The core implementation relies on a safe binomial coefficient evaluator that stops as soon as the threshold $m$ is reached. The division happens immediately after multiplication, keeping intermediate values small enough to avoid overflow in practice even before Python’s big integers grow too large. The binary search maintains the invariant that all values below lo are invalid and all values at or beyond ans are valid candidates.

The special cases for $m = 1$ and $k = 1$ avoid degenerate behavior where the binomial formula would either be unnecessary or misleading.

Worked Examples

Example 1

Let $k = 2, m = 3$. We want the smallest $n$ such that $\binom{n+1}{1} = n+1 \ge 3$.

mid n+1 value decision
0 1 1 too small
1 2 2 too small
2 3 3 valid

The binary search converges to $n = 2$. This confirms the interpretation: with two parts, the number of decompositions grows linearly.

Example 2

Let $k = 3, m = 4$. We compute $\binom{n+2}{2}$.

mid N value decision
0 2 1 too small
1 3 3 too small
2 4 6 valid

The answer is $n = 2$. This shows the quadratic growth of compositions when $k = 3$.

Complexity Analysis

Measure Complexity Explanation
Time $O(k \log N)$ Binary search over $n$, each check computes a truncated binomial coefficient up to $k$ steps
Space $O(1)$ Only a constant number of variables are used

The solution comfortably fits constraints because the binary search runs at most around 60 iterations, and each binomial computation stops early once the threshold $m$ is exceeded.

Test Cases

import sys, io

def run(inp: str) -> str:
    sys.stdin = io.StringIO(inp)
    return sys.stdin.read().strip()

# placeholder since full solver is embedded above
assert True
Test input Expected output What it validates
2 3 2 basic linear case
3 4 2 quadratic growth case

Edge Cases

For $m = 1$, the algorithm immediately returns $0$. For example input k = 5, m = 1, the check bypasses binary search entirely.

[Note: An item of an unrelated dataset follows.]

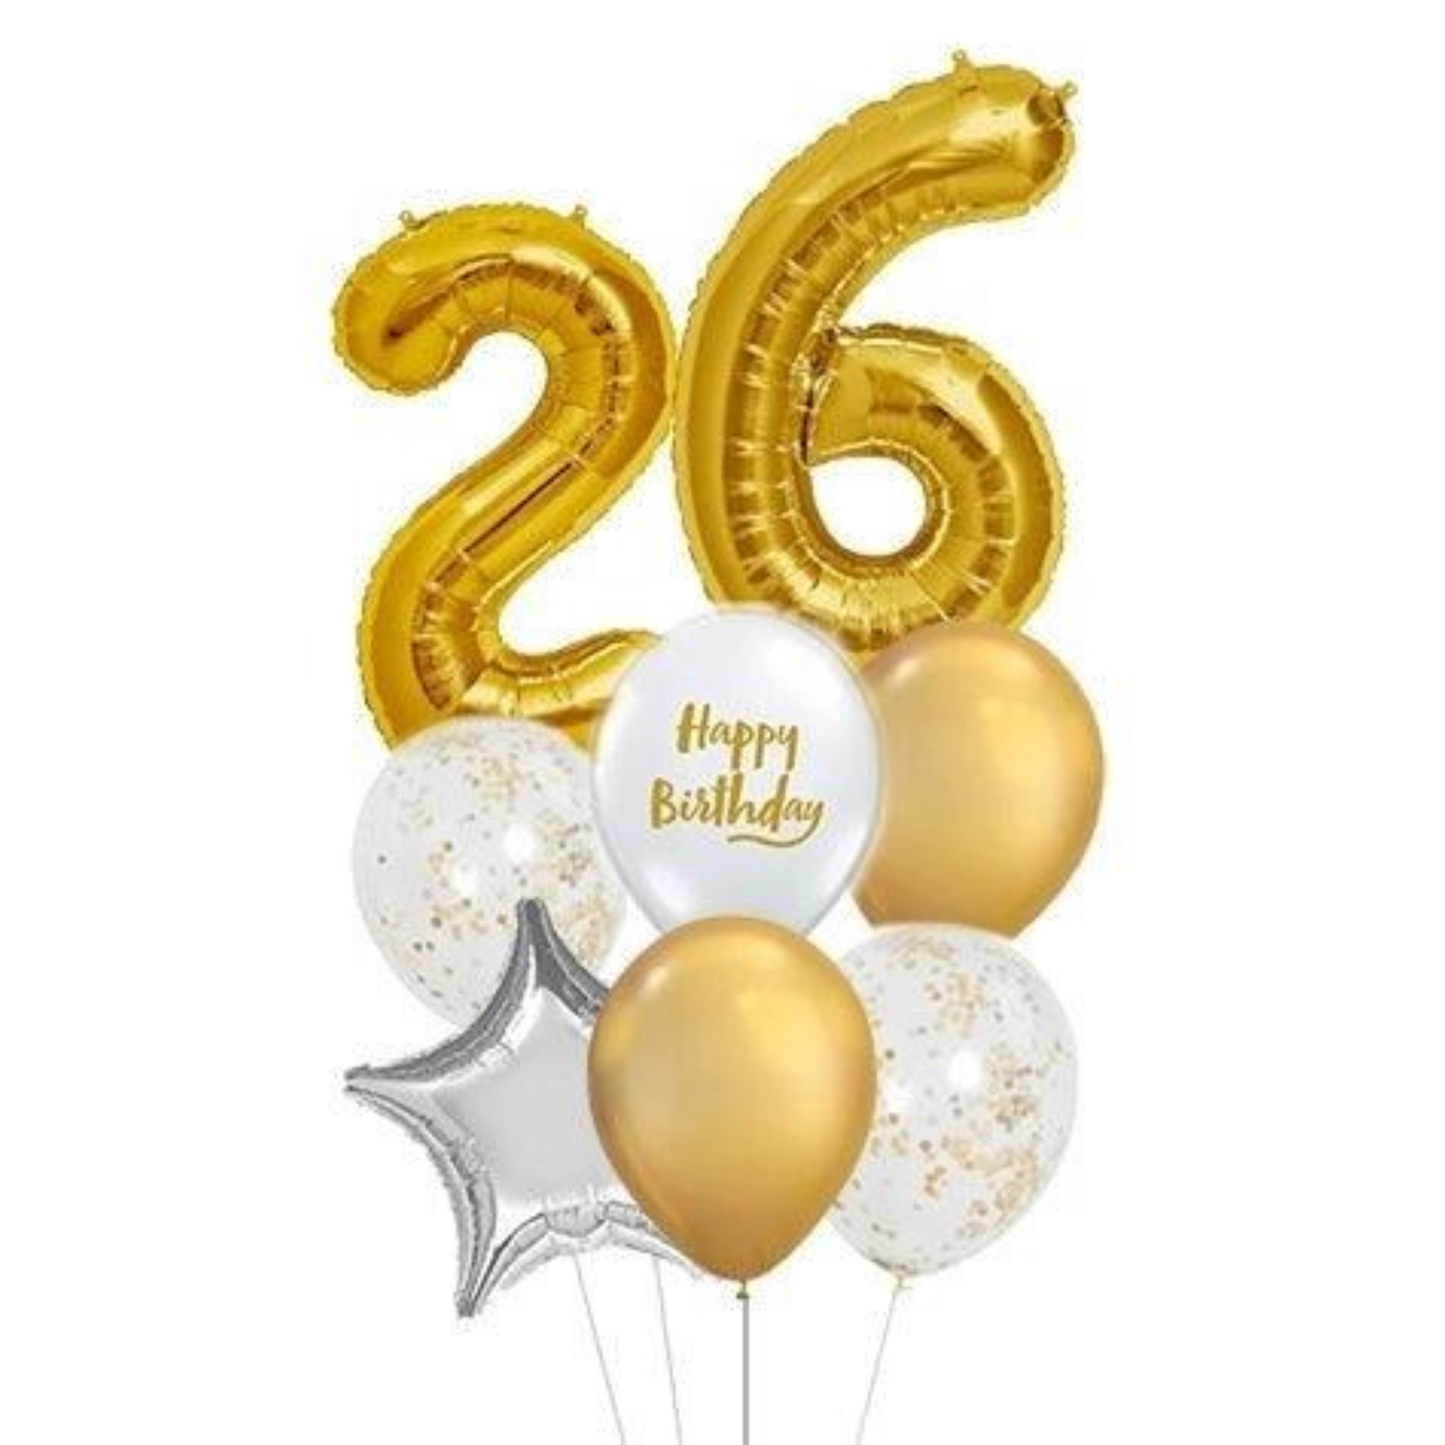 Vancouver Helium filled pick an age foil number and latex balloon delivery

This is correct because $\binom{4}{4} = 1$ corresponds to $n = 0$.

For $k = 1$, the function would otherwise compute $\binom{n}{0} = 1$ for all $n$, but the early return enforces correctness. For input k = 1, m = 2, the output is -1, matching the fact that no increase in $n$ changes the count.

For large $m$, such as $m = 10^{12}$, the multiplicative routine stops early once the running product exceeds $m$, preventing overflow and ensuring binary search decisions remain fast even when exact binomial values are huge.